Is there a currently an accurate way to say how much power per prompt LLMs use?

SnausagesinaBlanket@lemmy.world · 2 days ago

Is there a currently an accurate way to say how much power per prompt LLMs use?

chicken@lemmy.dbzer0.com · 1 day ago

You can use a wattage meter between your outlet and computer. I’ve tried that, and the usage is around the same as a graphically intensive videogame while it is generating.

SnausagesinaBlanket@lemmy.world · 14 hours ago

How does a wattage meter on my computer measure power used by an LLM server someplace else per prompt?

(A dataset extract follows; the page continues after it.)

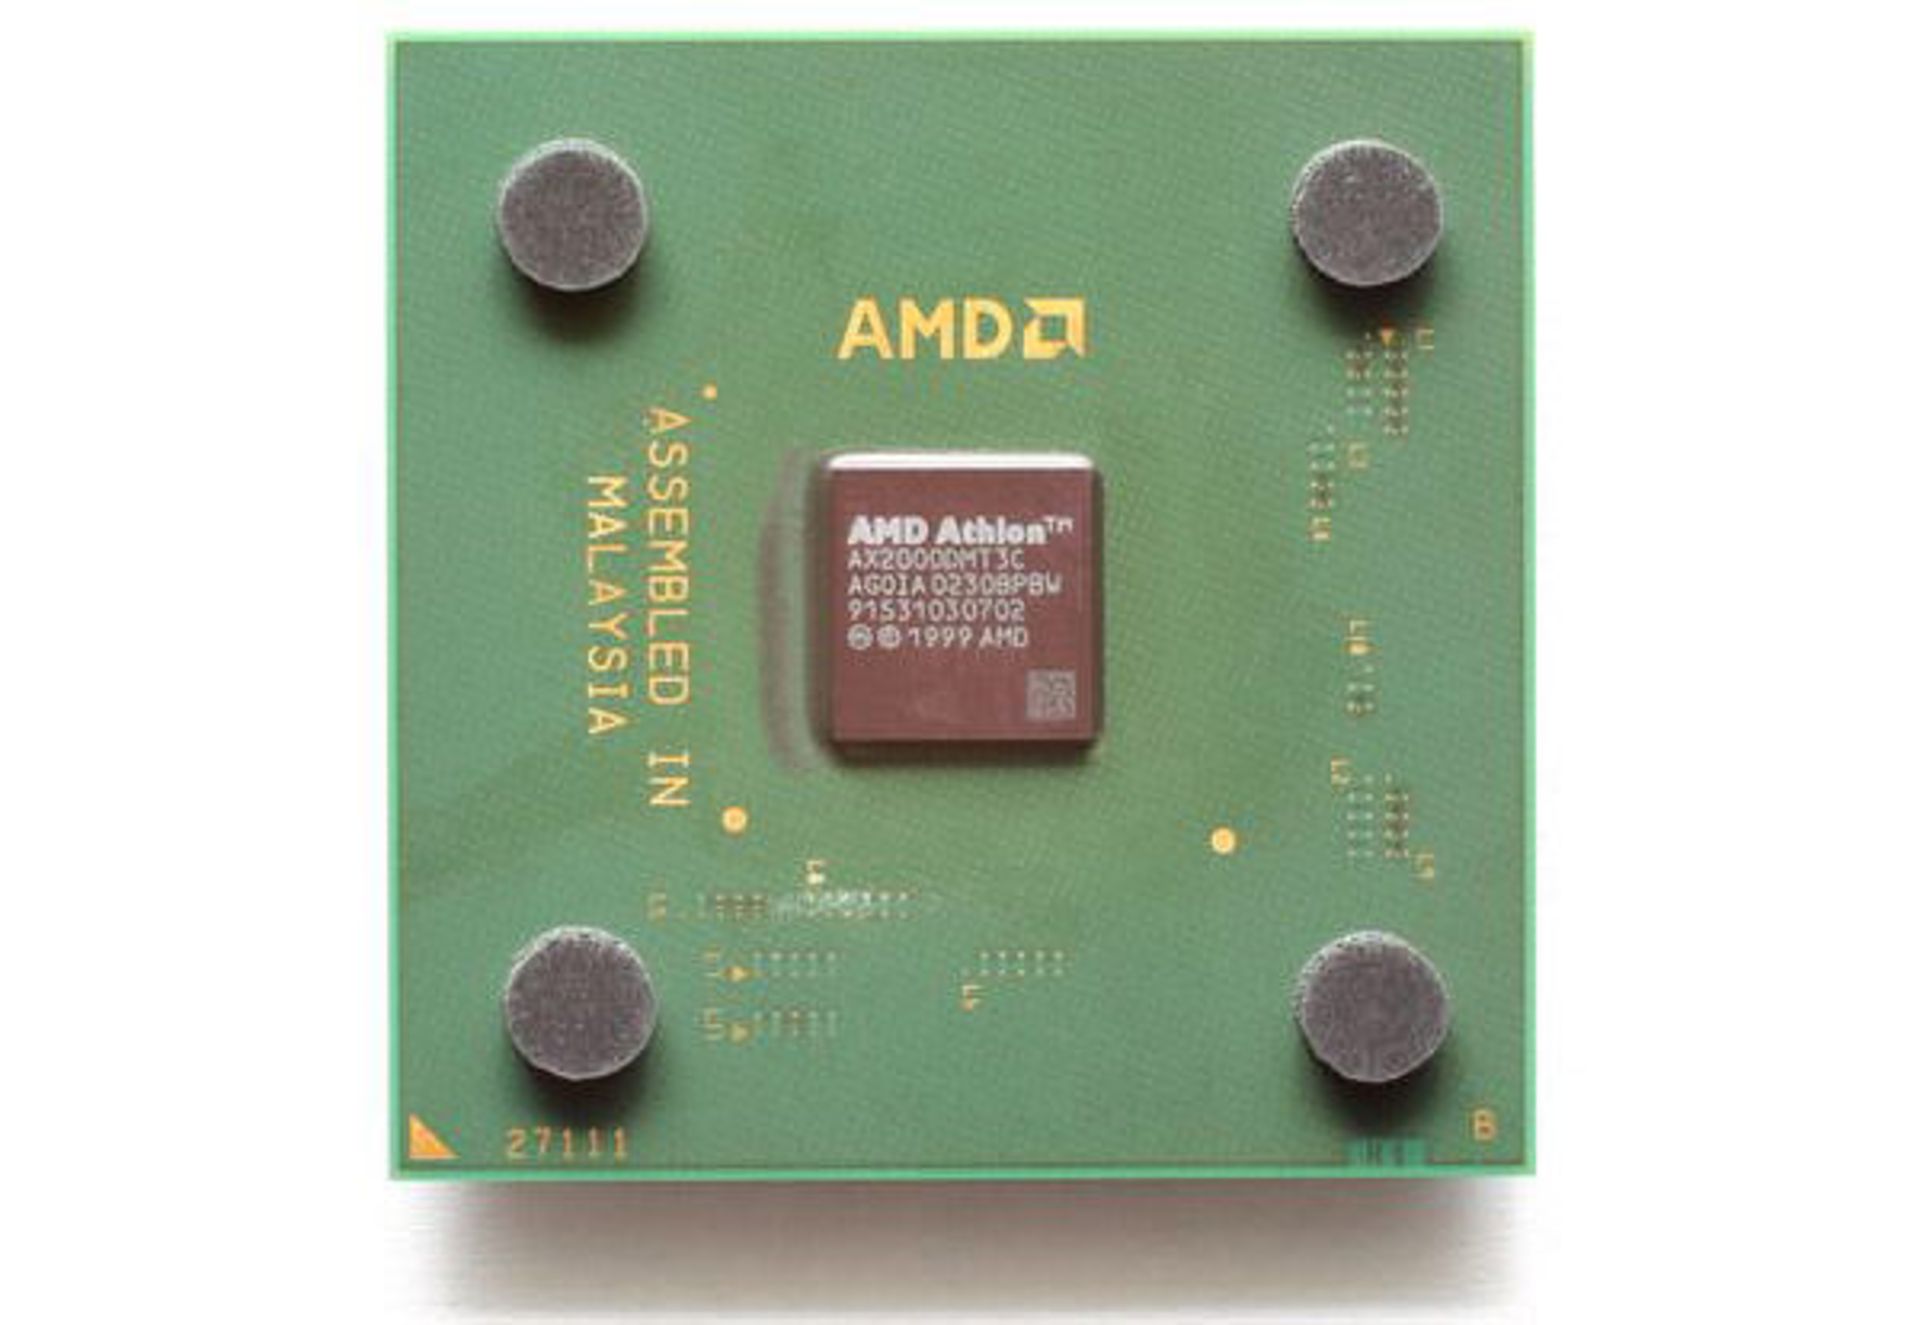 AMD K7: Athlon Palomino/XP

chicken@lemmy.dbzer0.com · 14 hours ago

I have a LLM server on my computer, so I can tell how much electricity it is using this way. It’s not somewhere else is how

SnausagesinaBlanket@lemmy.world · 14 hours ago

Cool but that is not the question I asked is it then mate.

chicken@lemmy.dbzer0.com · 14 hours ago

You asked if there’s a way to tell how much power LLMs use, you didn’t specify LLMs on a server you don’t have physical access to.

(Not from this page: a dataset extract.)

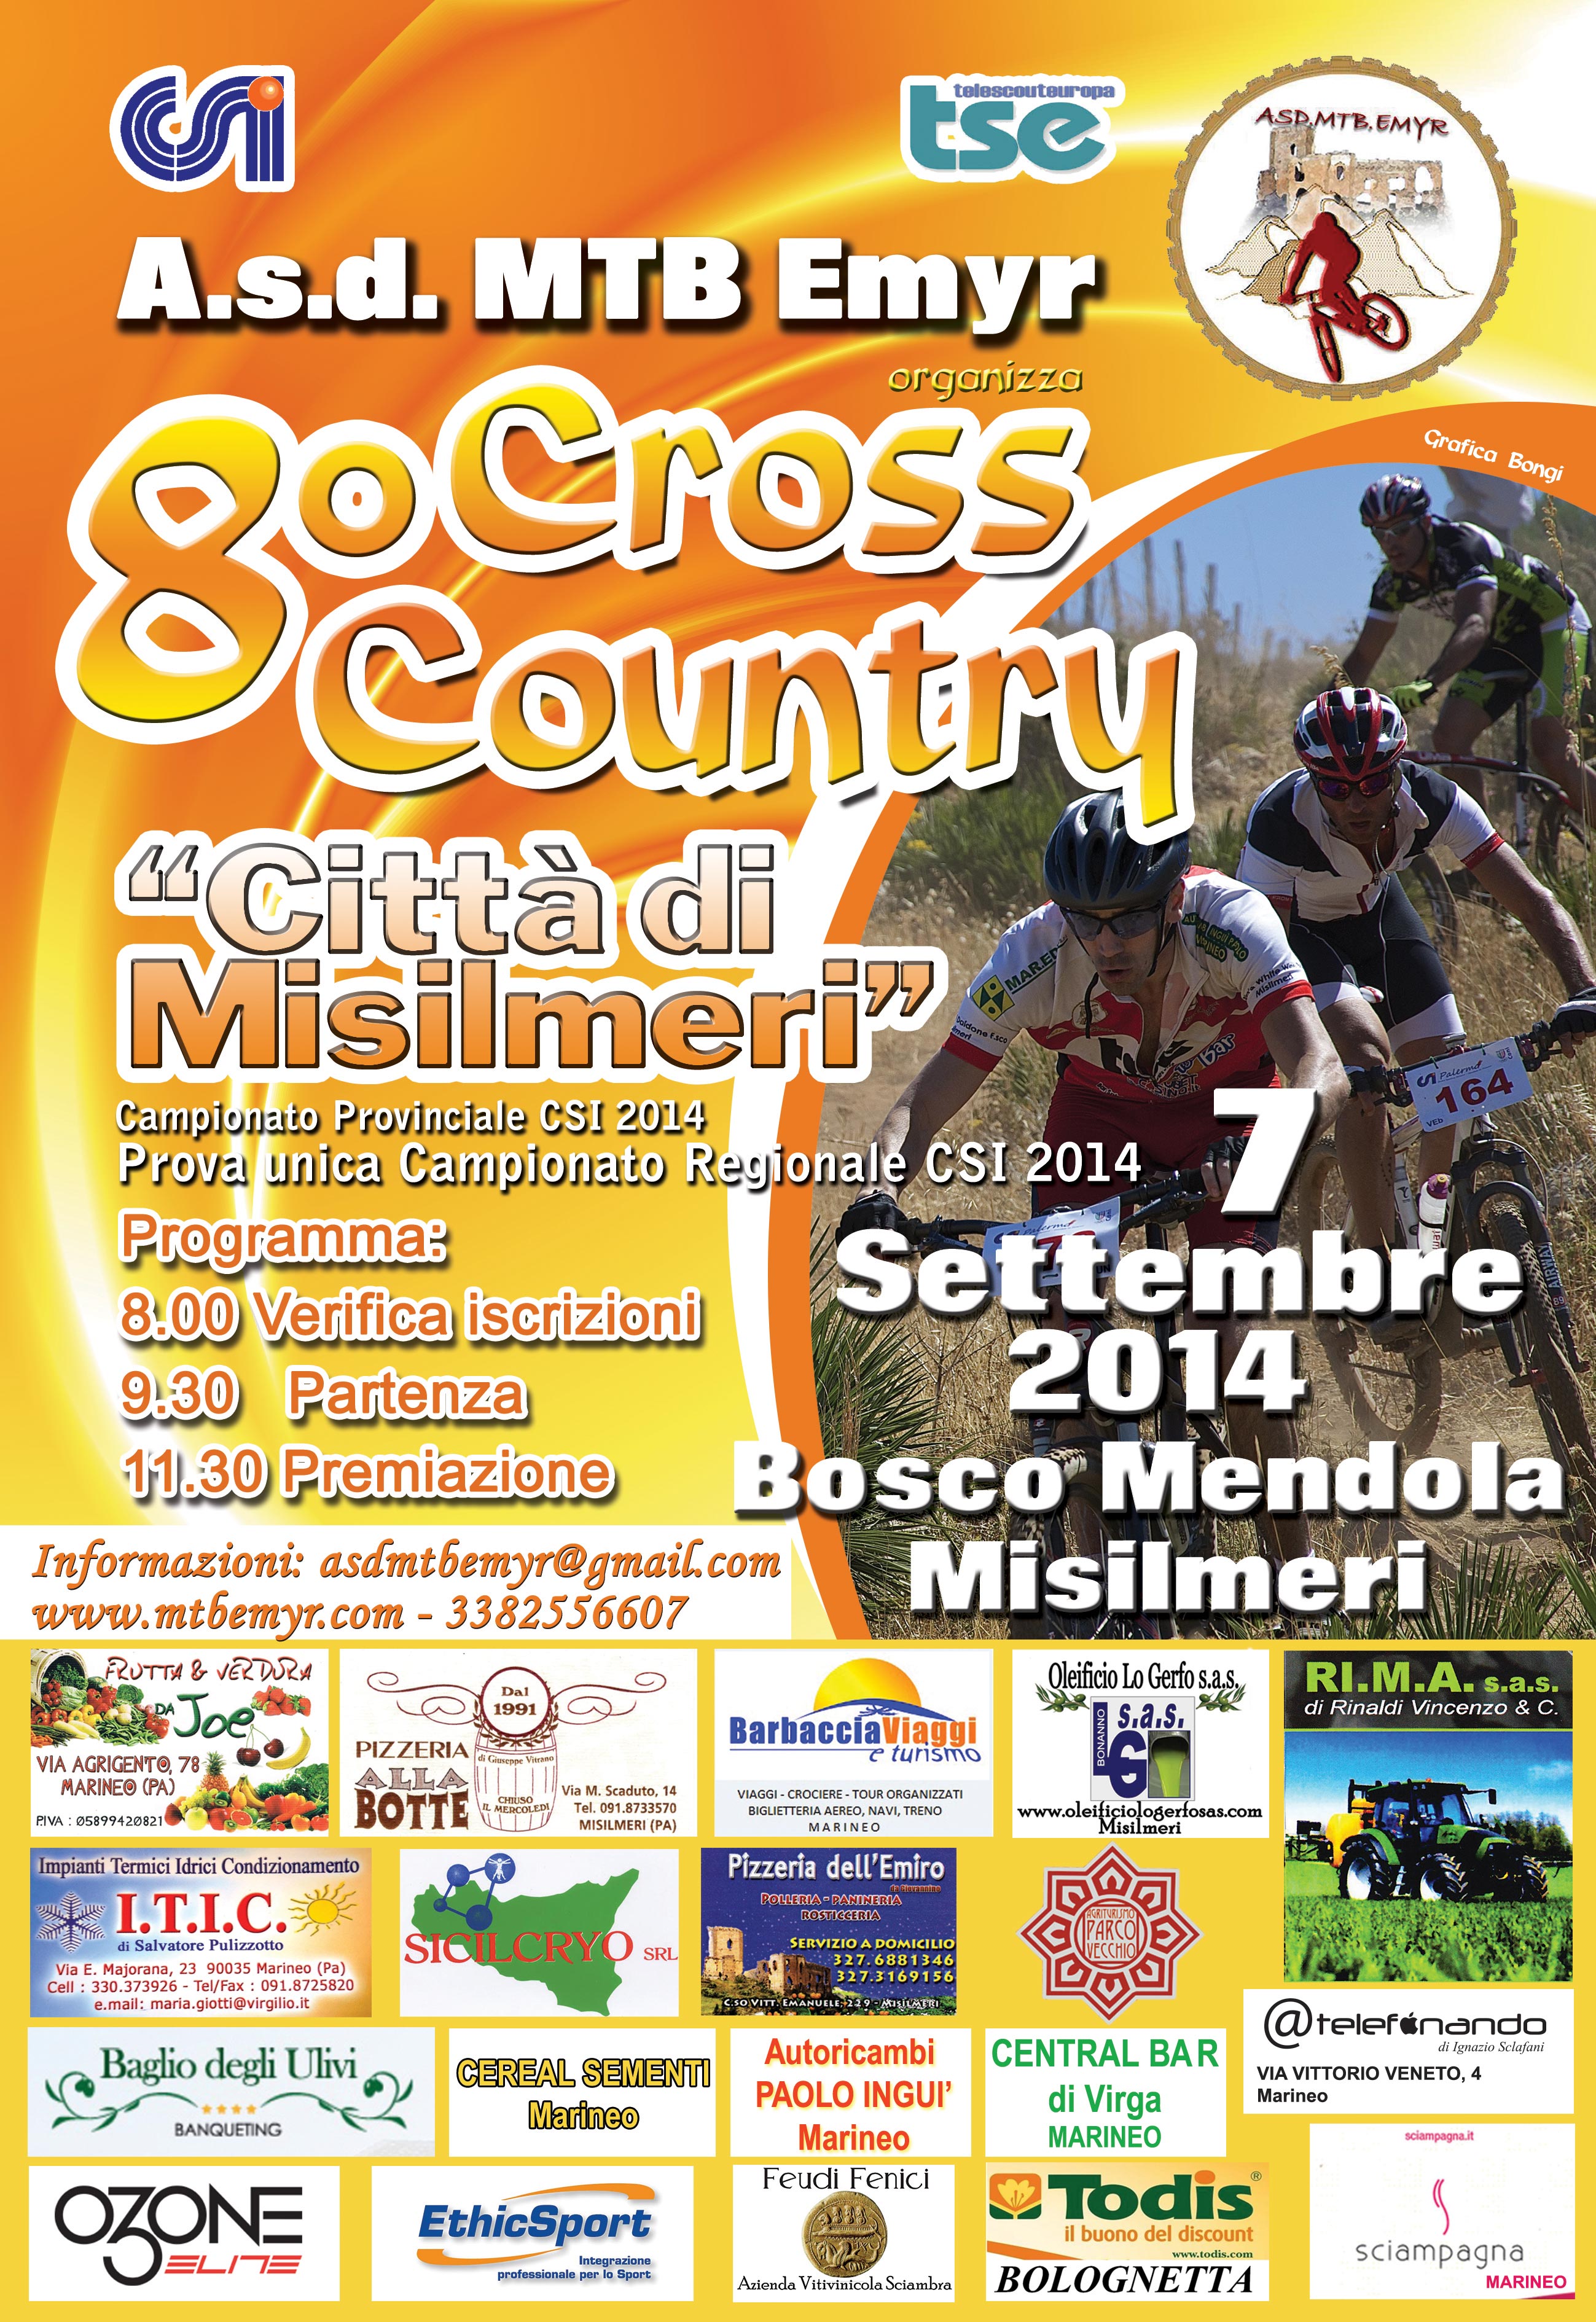 Puntata speciale di Tse sull’8a edizione del Cross Country Città di Misilmeri

SnausagesinaBlanket@lemmy.world · 13 hours ago

It says LLMs meaning in general so you can take it any way you like.

Michal@programming.dev · 1 day ago

There’s a huge difference between a model you can run locally and a chatgpt model.

Tangent5280@lemmy.world · 1 day ago

Sure, but without actually knowing what kind of hardware the servers are running, what kind of software too, and what their service backend looks like we can’t say whether it is going to be higher or lower.

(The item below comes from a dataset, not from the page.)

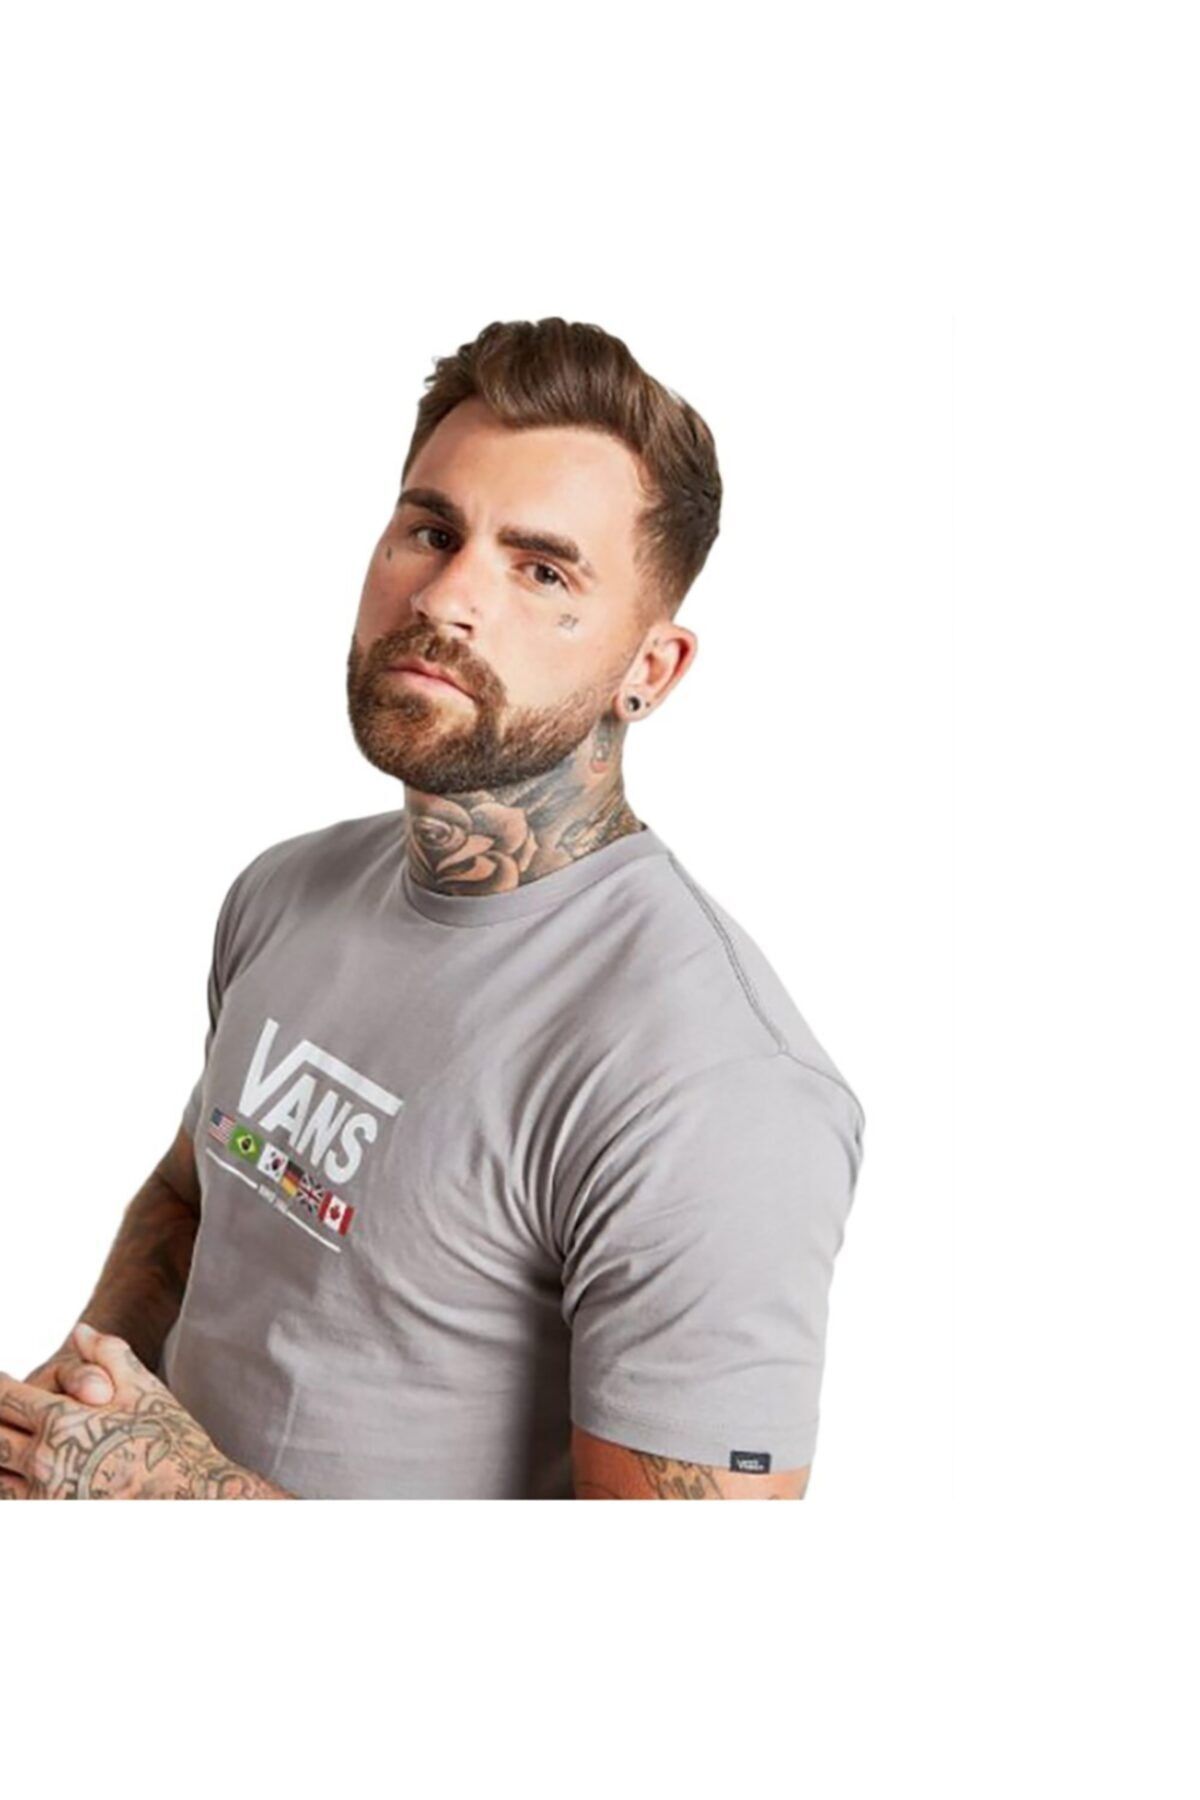 تی شرت طوسی یقه خدمه طرح چاپی گرافیکی مدل ساده آستین کوتاه مردانه ونس Vans (برند آمریکا)

Michal@programming.dev · 1 day ago

I think we can assume it’s nvidia H200 which peaks at 700W what what I saw on Google. Multiply that by the turnaround time from your prompt to full response and you have a ceiling value. There’s probably some queueing and other delays so in reality the time GPU spends on your query will be much less. If you use the API, it may include the timing information.